The exercise of this discretion by the Board may constitute a 'benefit' for the purposes of section 200B of the Corporations Act. The Company is therefore seeking Shareholder approval for the exercise of the Board's discretion in respect of any current or future participant in the Plan who holds:
-
(a) a managerial or executive office in, or is an officer of, the Company (or subsidiary of the Company) at the time of their leaving or at any time in the three years prior to their leaving; and
-
(b) Plan Securities at the time of their leaving.
8.3 Value of the termination benefits
Provided Shareholder approval is given, the value of the termination benefits may be disregarded when applying section 200F(2)(b) or section 200G(1)(c) of the Corporations Act (ie. the approved benefit will not count towards the statutory cap under the legislation).
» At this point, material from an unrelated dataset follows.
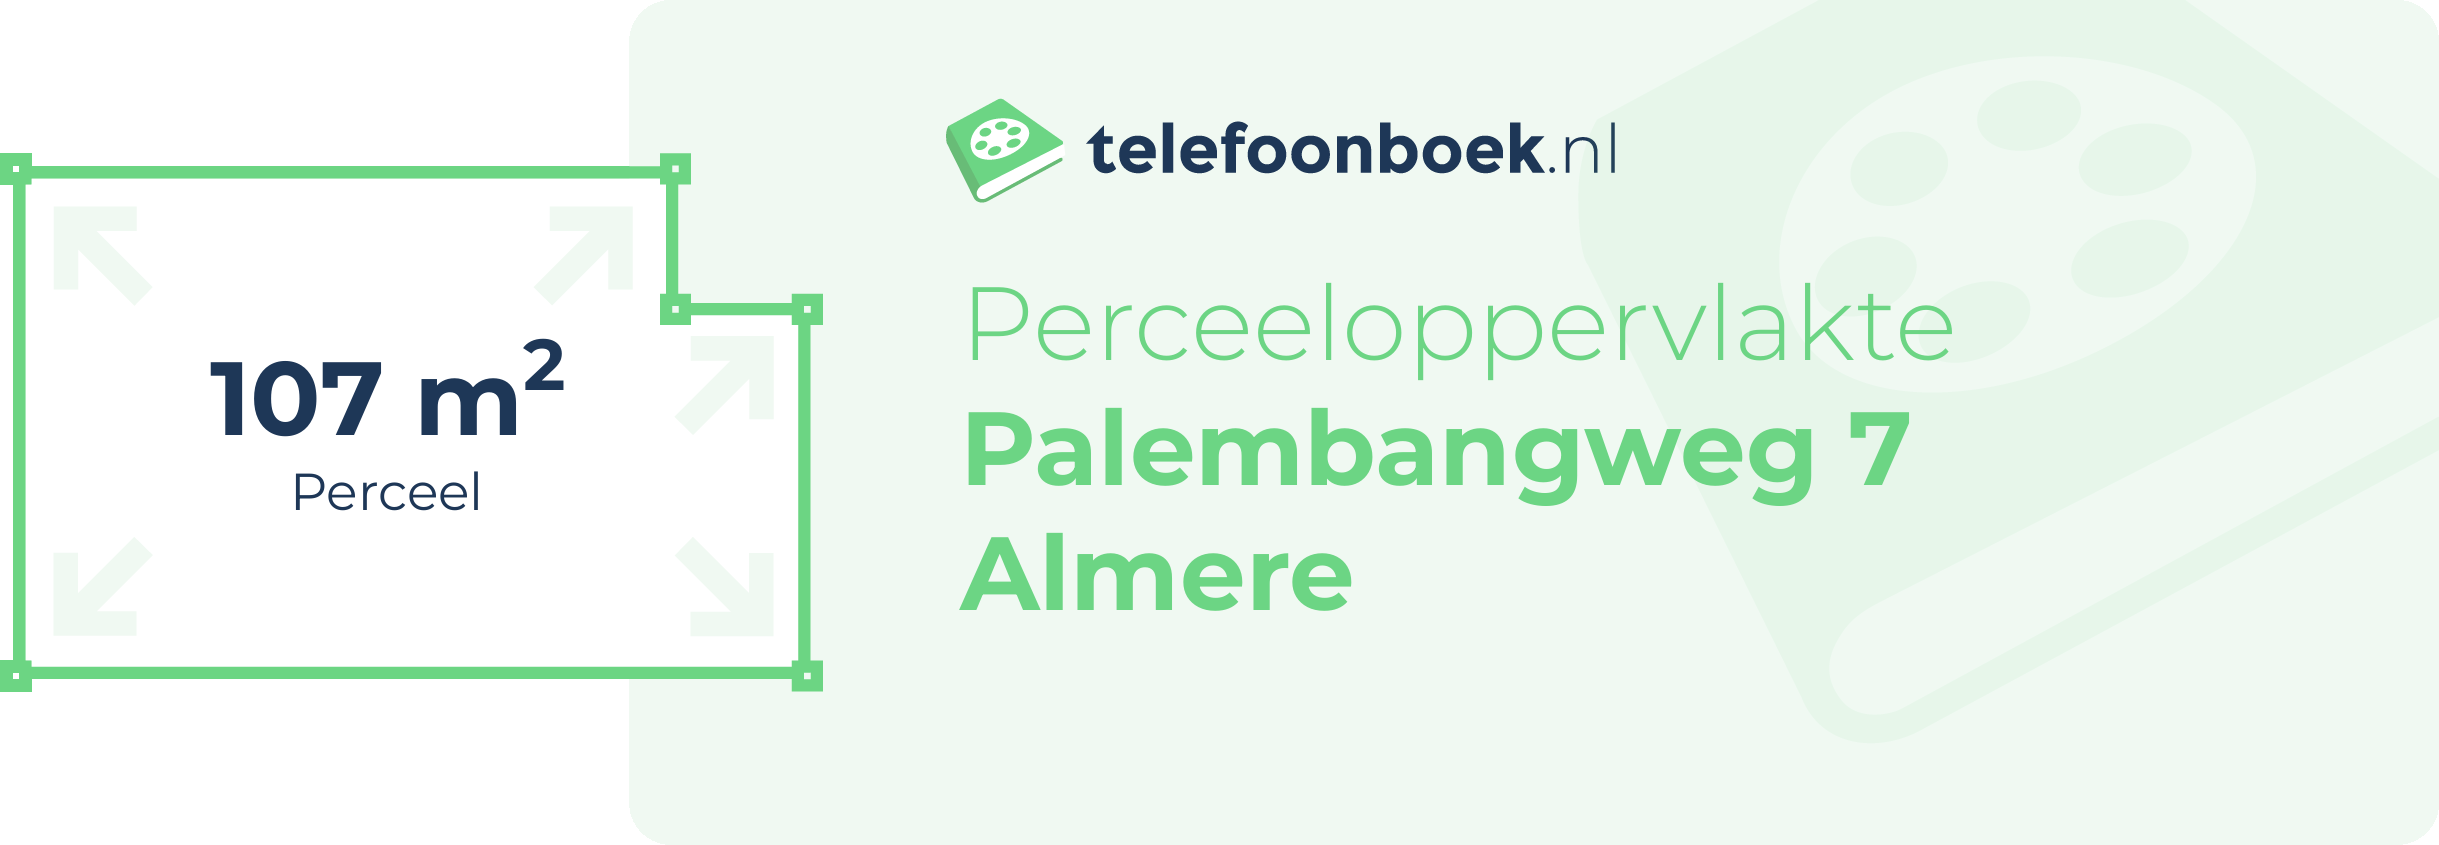 Perceeloppervlakte Palembangweg 7 Almere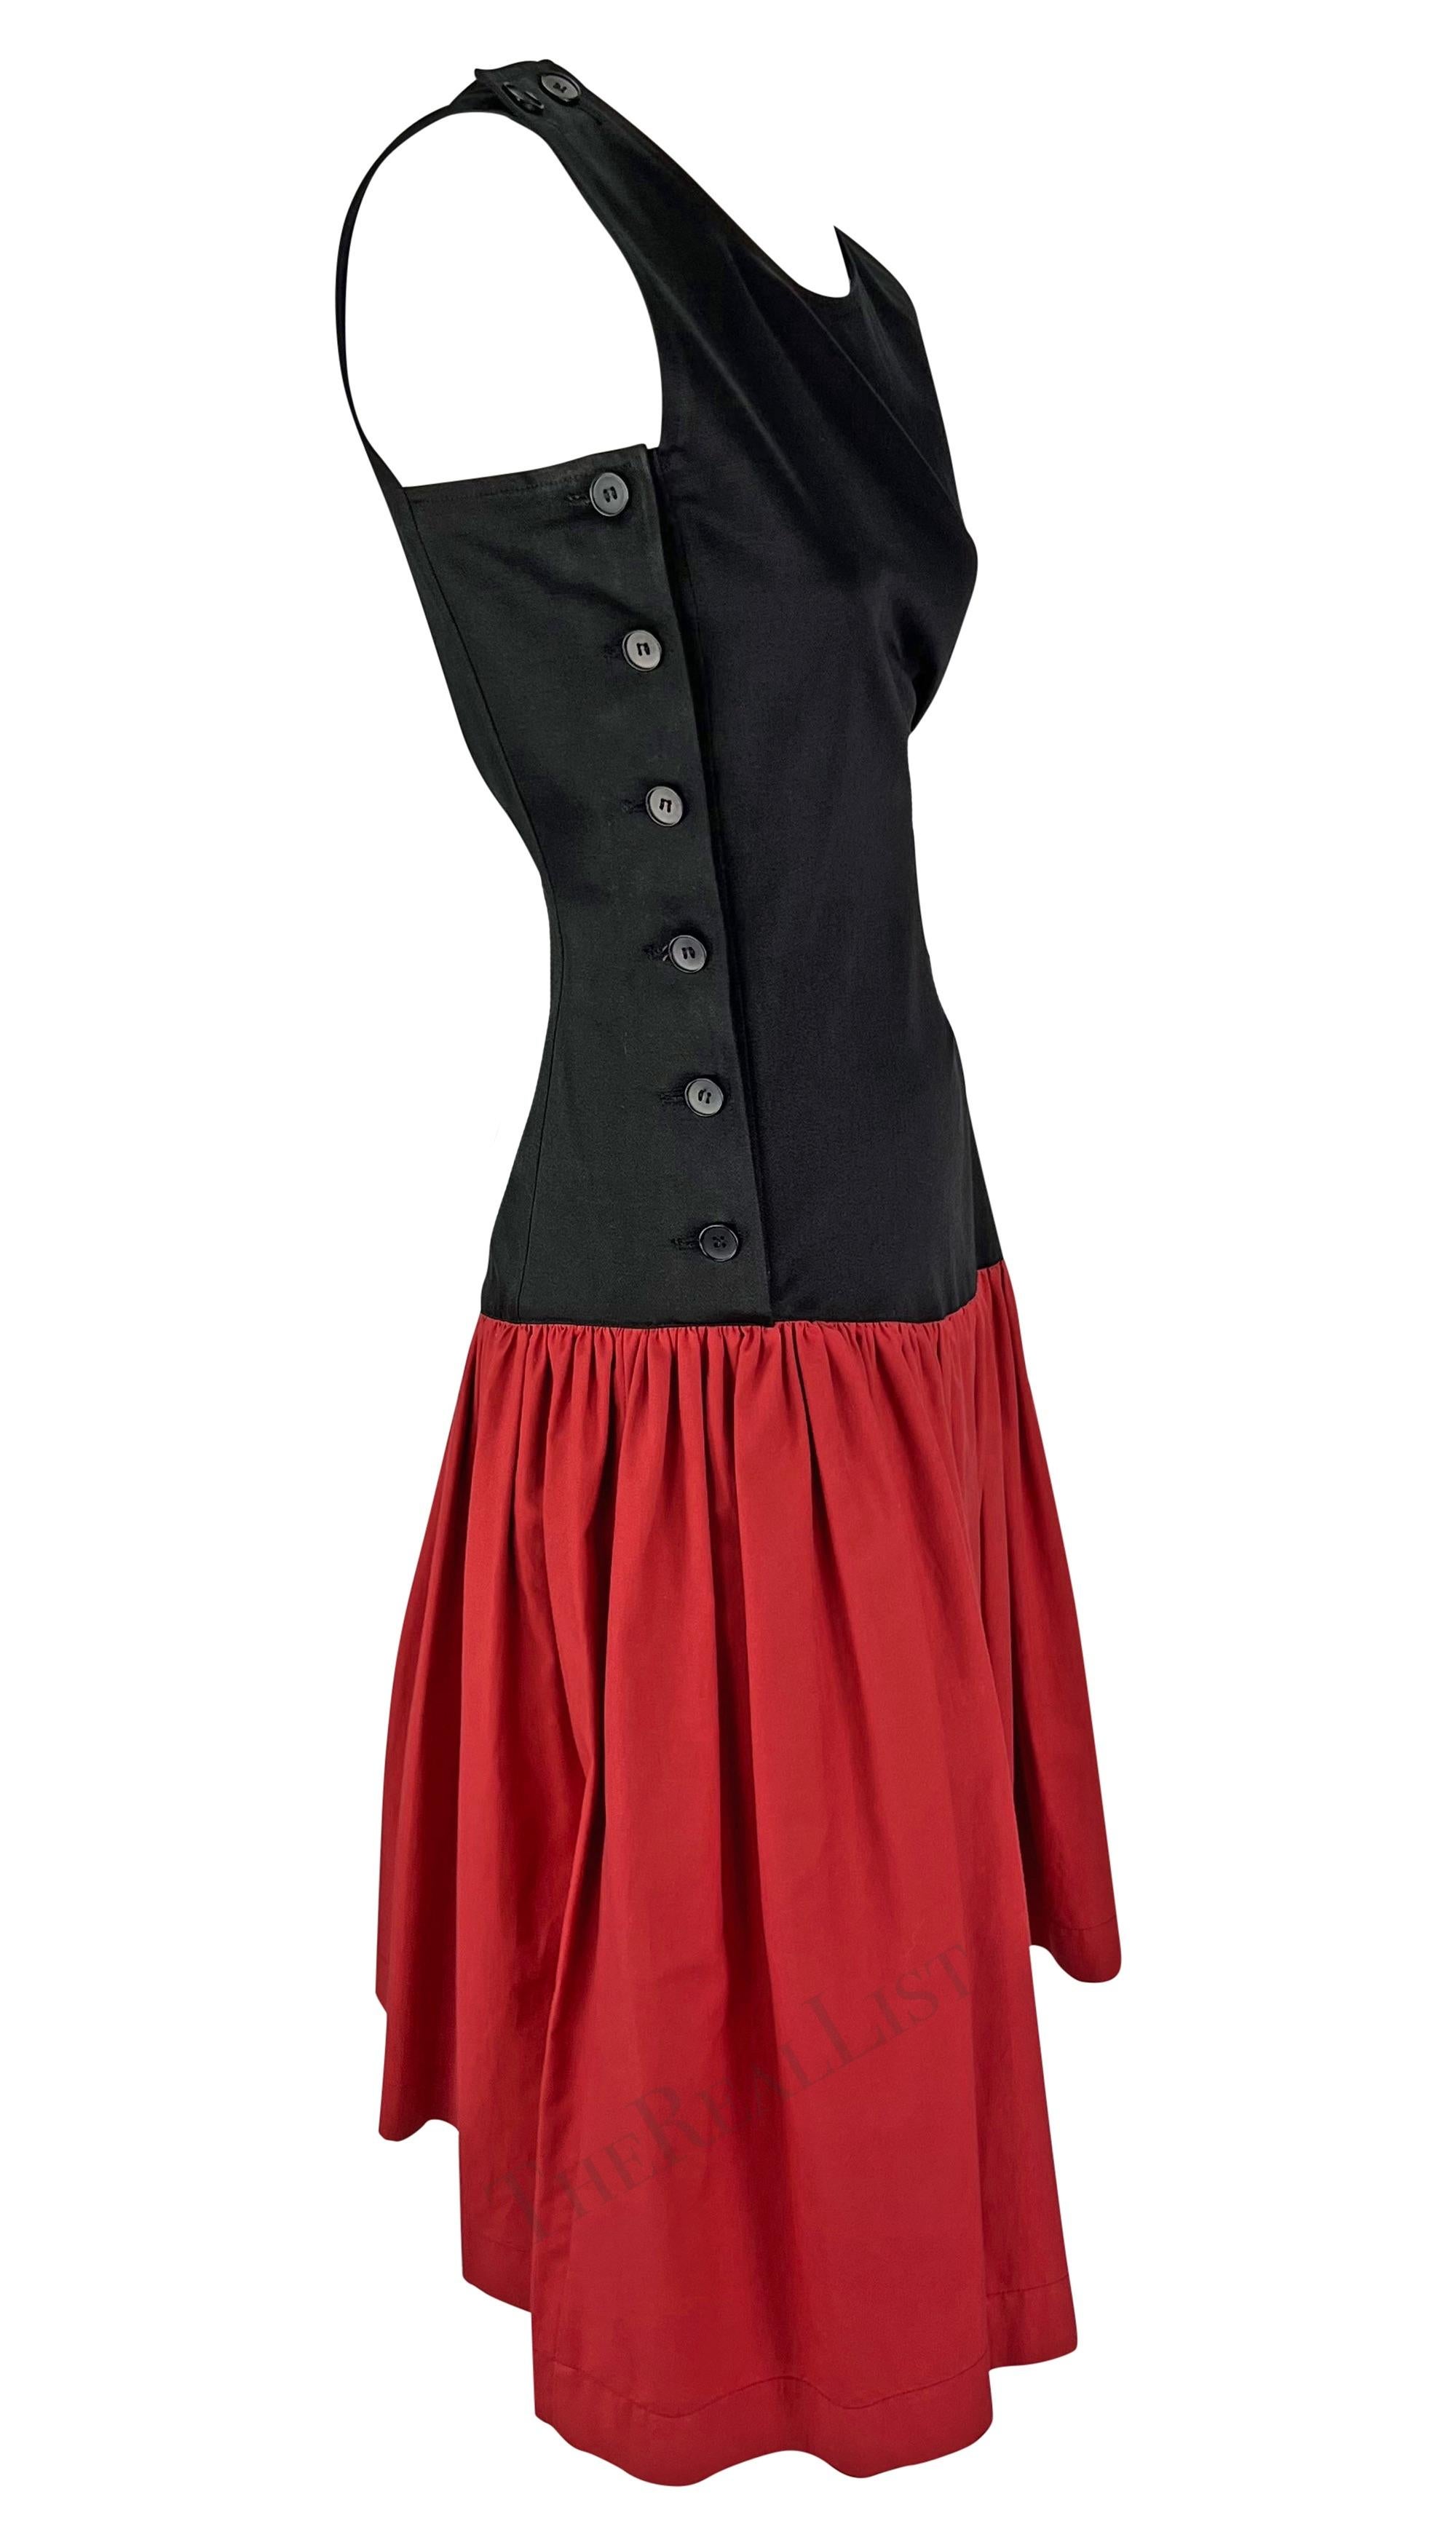 S/S 1983 Saint Laurent Rive Gauche Runway Ad Black Red Sleeveless Dress For Sale 4

The value of the termination benefits that the Board may give under the Plan cannot be determined in advance. This is because various matters will or are likely to affect that value. In particular, the value of a particular benefit will depend on factors such as the Company's Share price at the time of vesting and the number of Plan Securities that will vest or otherwise be affected. The following additional factors may also affect the benefit's value:
-
(a) the participant's length of service and the status of the vesting conditions attaching to the relevant Plan Securities at the time the participant's employment or office ceases; and
-
(b) the number of unvested Plan Securities that the participant holds at the time they cease employment or office.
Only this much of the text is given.